EP by Mogwai
- Released: 18 October 1999
- Studio: Sub Station Studio, Cowdenbeath, Scotland, CaVa Studios, Glasgow, Scotland
- Genre: Post-rock, instrumental rock
- Length: 21:11
- Label: Chemikal Underground, Matador, Spunk
- Producer: Michael Brennan Jr.

Mogwai chronology
| Come On Die Young (1999) | EP (1999) | EP+6 (2000) |

= EP (Mogwai EP) =

EP is an EP by Scottish post-rock group Mogwai, released in various countries in 1999.

Professional ratings
Review scores
| Source | Rating |
| Allmusic |  |
| Almost Cool | (8/10) |
| Kerrang! |  |
| Pitchfork Media | (8.3/10) |

==Overview==
The EP features four tracks, "Stanley Kubrick" (recorded at Sub Station Studio in Cowdenbeath, Scotland and produced by Michael Brennan Jr., assisted by Kevin Lynch), "Christmas Song", "Burn Girl Prom Queen", and "Rage:Man" (all recorded at CaVa Studios in Glasgow, Scotland, and also produced by Michael Brennan Jr., assisted by Tony Doogan and Willie Deans). The US release of EP is titled EP+2, due to the two bonus tracks, "Rollerball", and "Small Children in the Background", both from No Education = No Future (Fuck the Curfew), which was not released in the US. All four tracks on EP were later included on the 2000 compilation album, EP+6. The cover of EP is similar to the cover of EP+6, as they both feature the same image, a movie still entitled "Watertower" by Scottish photographer Neale Smith, of a Water tower in East Kilbride, South Lanarkshire, Scotland.
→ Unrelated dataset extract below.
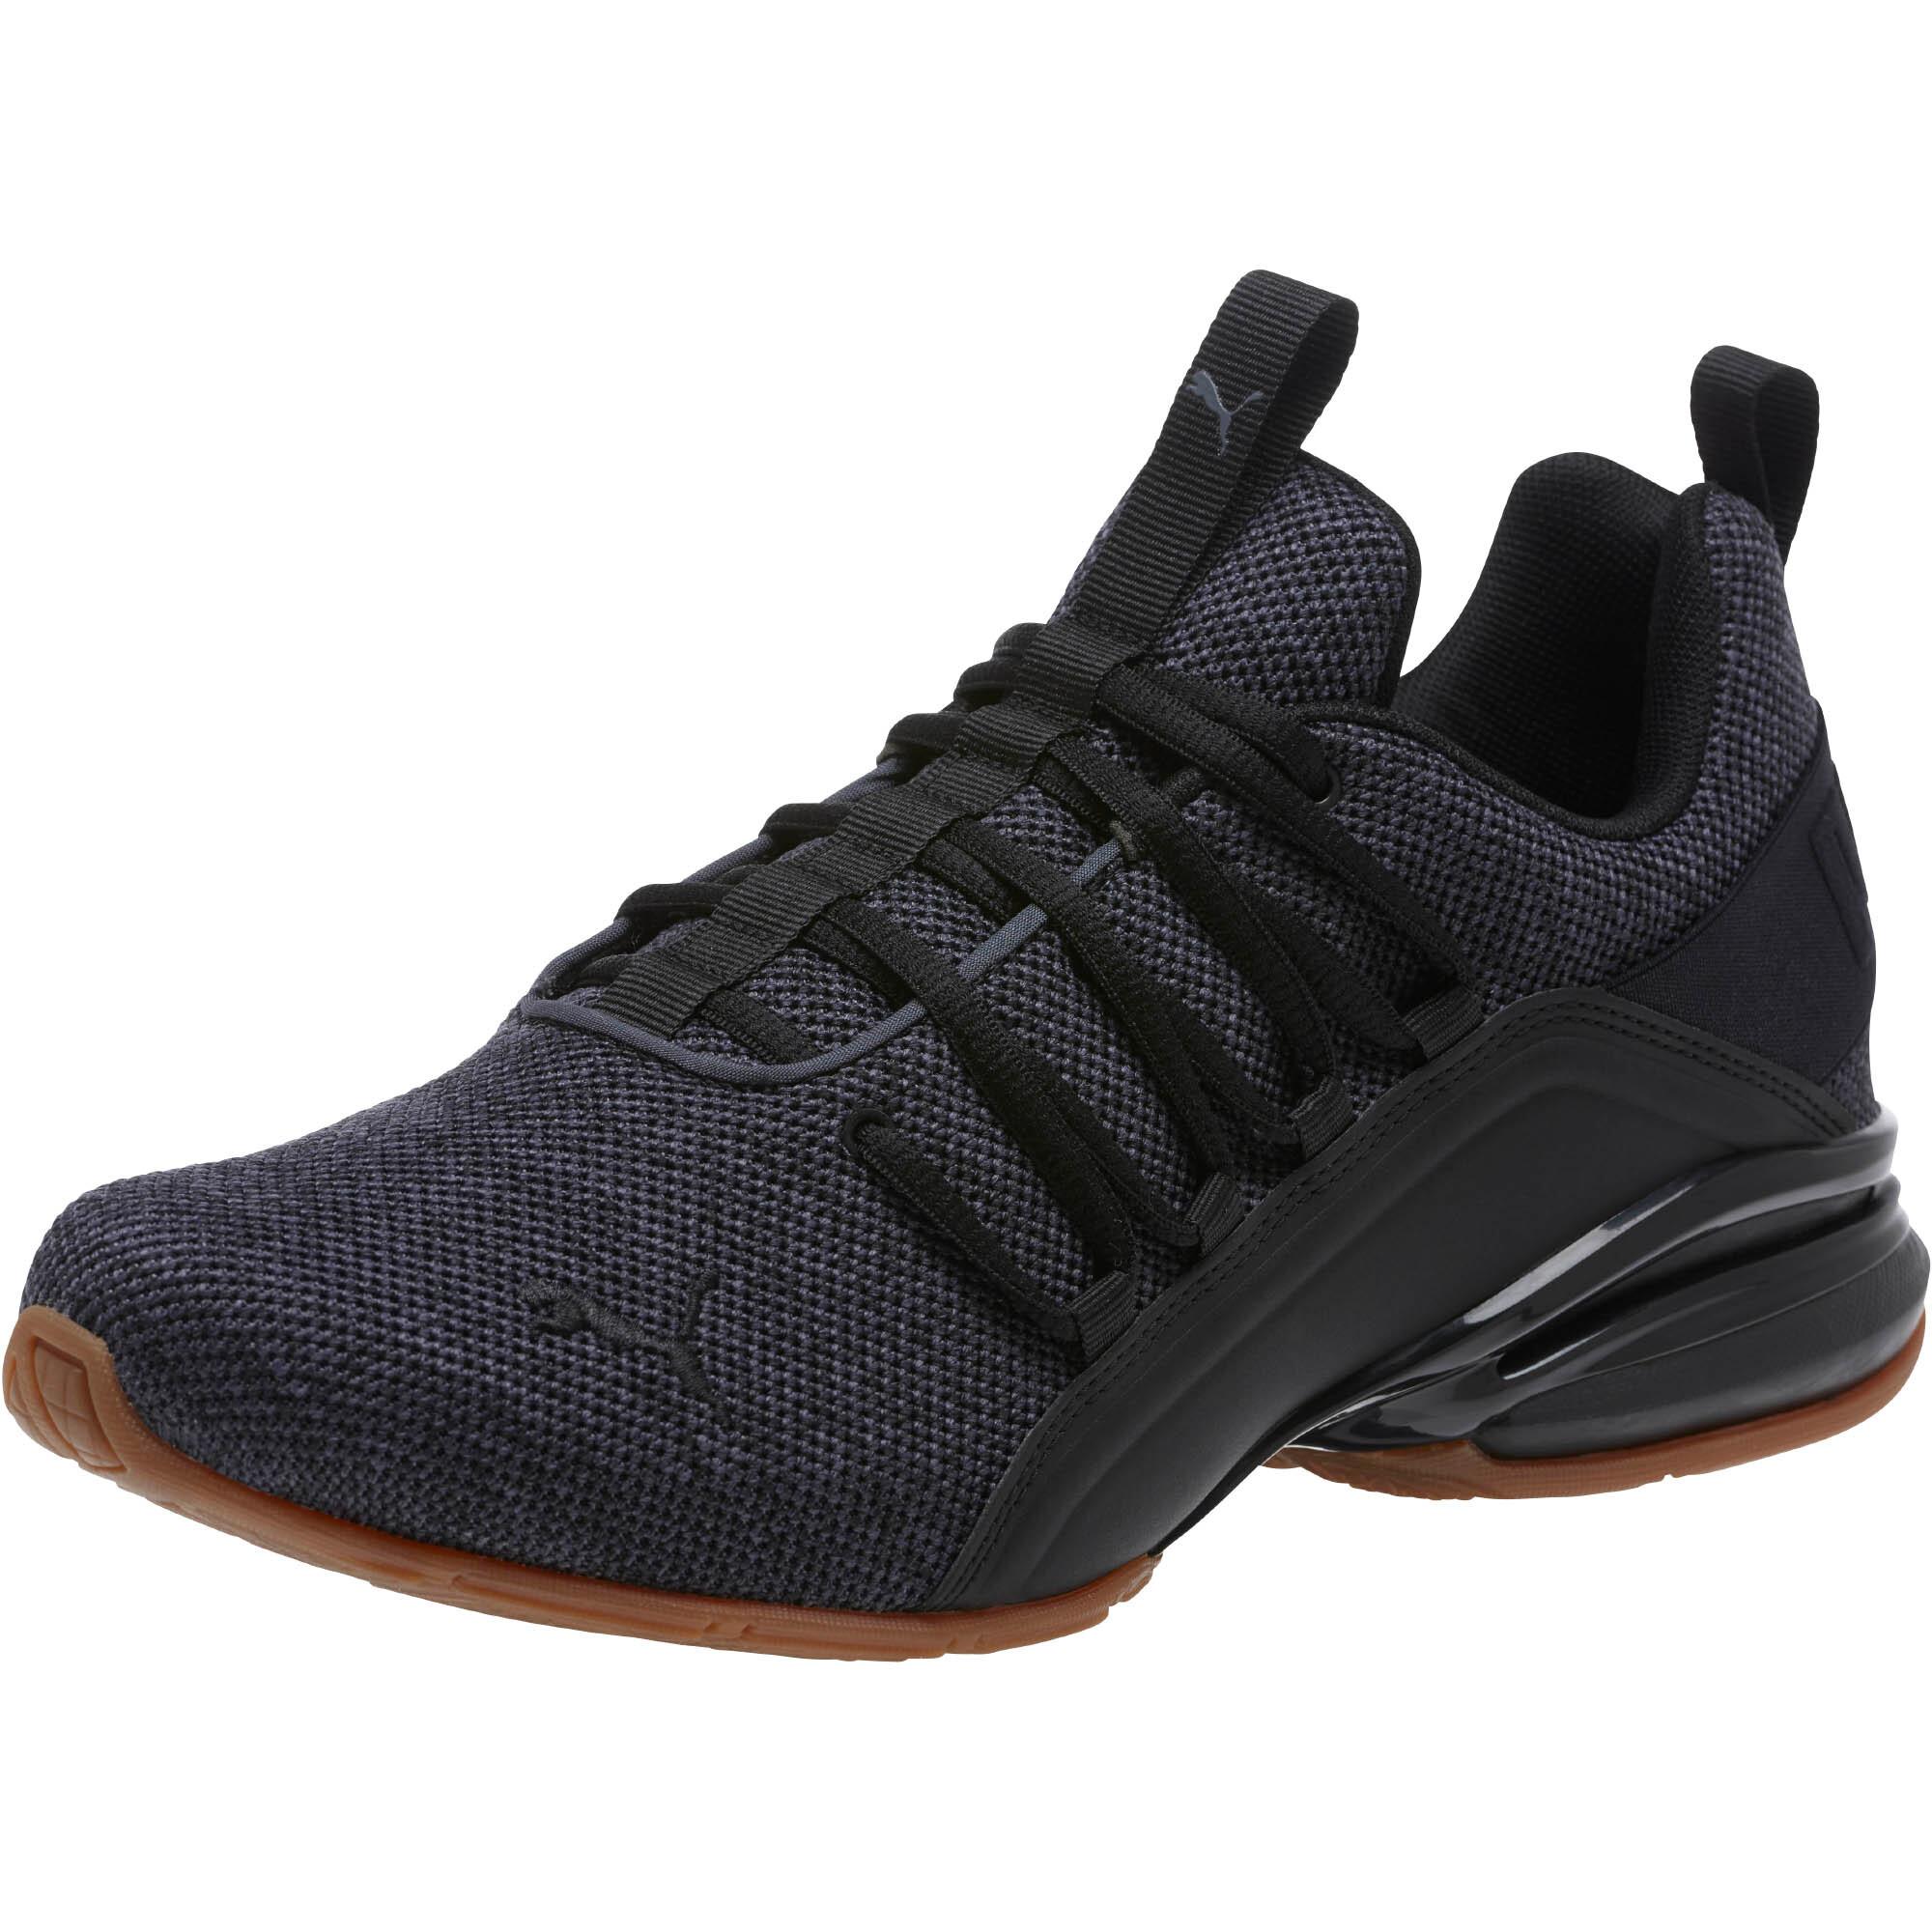 PUMA-Axelion-Men-039-s-Training-Shoes-Men-Shoe-Running thumbnail 22

Stuart Braithwaite has commented on EP, saying:
We did these four songs over a week this summer. "Stanley Kubrick" started as an idea of John's that we started while doing the remix for Warp up in Cowdenbeath. We decided that since we'd done a pretty decent one, we wrote three more so as to make it an EP.

==Track listing==
All songs and music were written by Mogwai.
1. "Stanley Kubrick" – 4:17
2. "Christmas Song" – 3:24
3. "Burn Girl Prom Queen" – 8:31
4. "Rage:Man" – 5:03

==Personnel==
- Stuart Braithwaite – guitar
- Dominic Aitchison – bass guitar
- Martin Bulloch – drums
- John Cummings – guitar, piano
- Barry Burns – guitar, keyboard
- Lee Cohen – vocals on "Stanley Kubrick"
- John Todd – brass on "Burn Girl Prom Queen"
- Michael Brennan Jr. – producer
- Kevin Lynch – assistant producer on "Stanley Kubrick"
- Tony Doogan – assistant producer on tracks 2–4
- Willie Deans – assistant producer on tracks 2–4

==Release history==
EP was released in various countries in 1999.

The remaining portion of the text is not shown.